Please see http://druid.io/docs/0.11.0-rc2/querying/lookups.html for the current API.

Migrating to Double columns

Prior to 0.11.0, the Double* aggregators would store column values on disk as Float while performing aggregations using Double representations.

PR #4491 allows the Double aggregators to store column values on disk as Doubles. Due to concerns related to rolling updates and version downgrades, this behavior is disabled by default and Druid will continue to store Double aggregators on disk as floats.

To enable Double column storage, set the following property in the common runtime properties:

druid.indexing.doubleStorage=double

Users should not set this property during an initial rolling upgrade to 0.11.0, as any nodes running pre-0.11.0 Druid will not be able to handle Double columns created during the upgrade period.
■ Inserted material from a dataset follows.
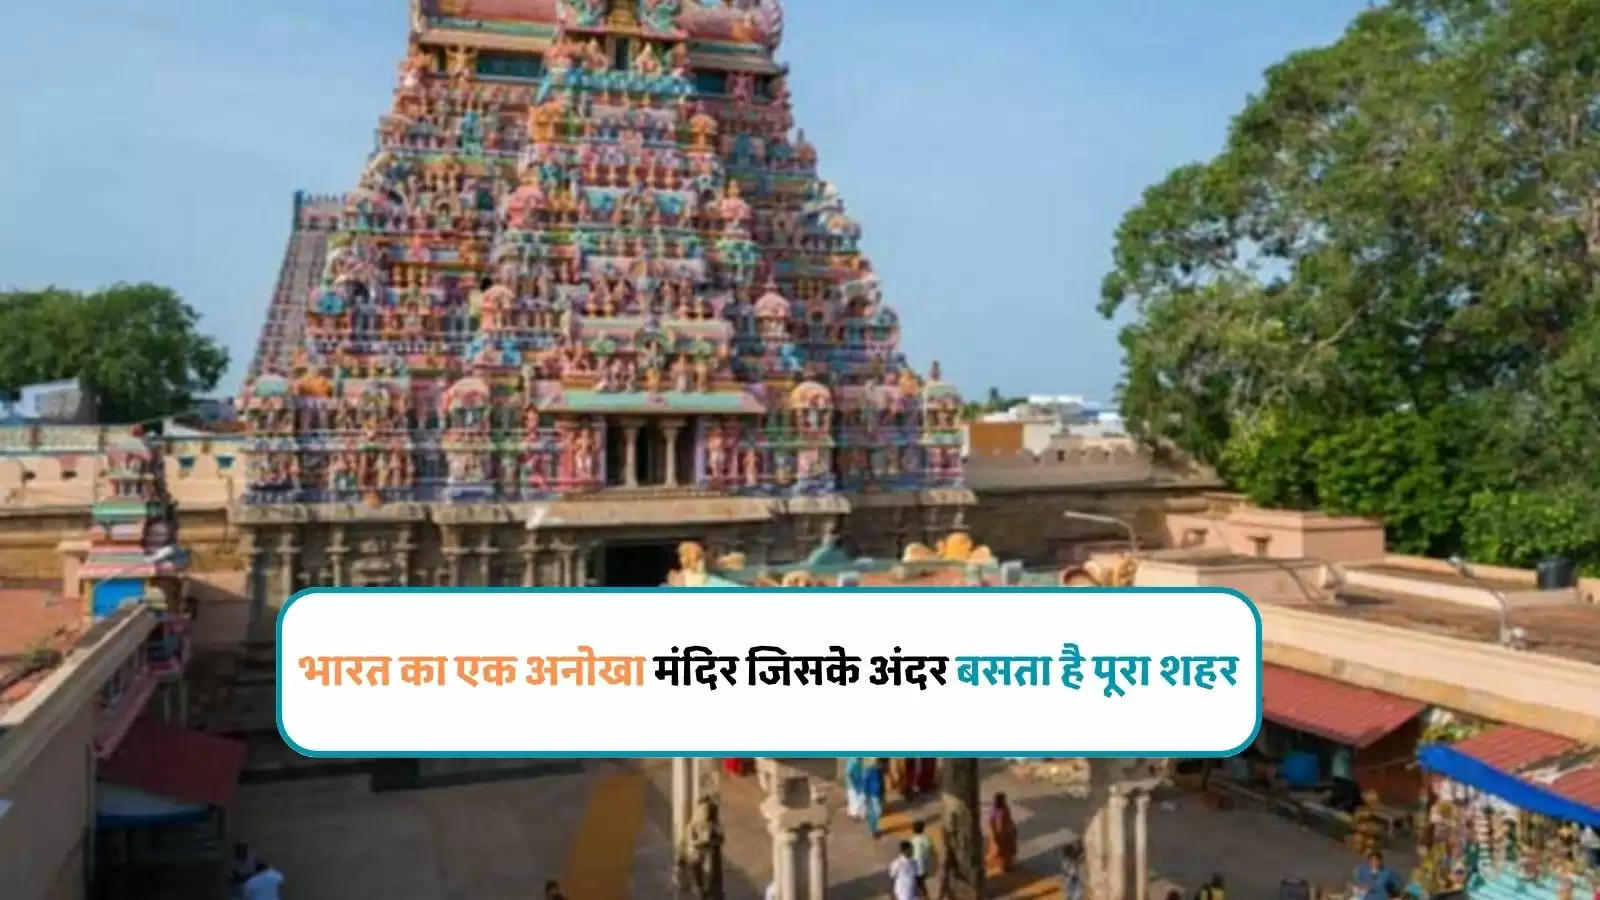 भारत का एक अनोखा मंदिर जिसके अंदर बसता है पूरा शहर,

Users will also need to reindex any segments with Double columns if downgrading from 0.11.0 to an older version. Please see #4944 and #4605 for more information.

Scan query changes

The Scan query has been moved from extensions-contrib to core Druid. As part of this migration: https://github.com/druid-io/druid/pull/4751, the scan query's handling of the time column has changed.

The time column is now is returned as "__time" rather than "timestamp", it is no longer included if you do not specifically ask for it in your "columns", and it is returned as a long rather than a string.

Users can revert the Scan query's time handling to the legacy extension behavior by setting "legacy" : true in their queries, or setting the property druid.query.scan.legacy = true. This is meant to provide a migration path for users that were formerly using the contrib extension.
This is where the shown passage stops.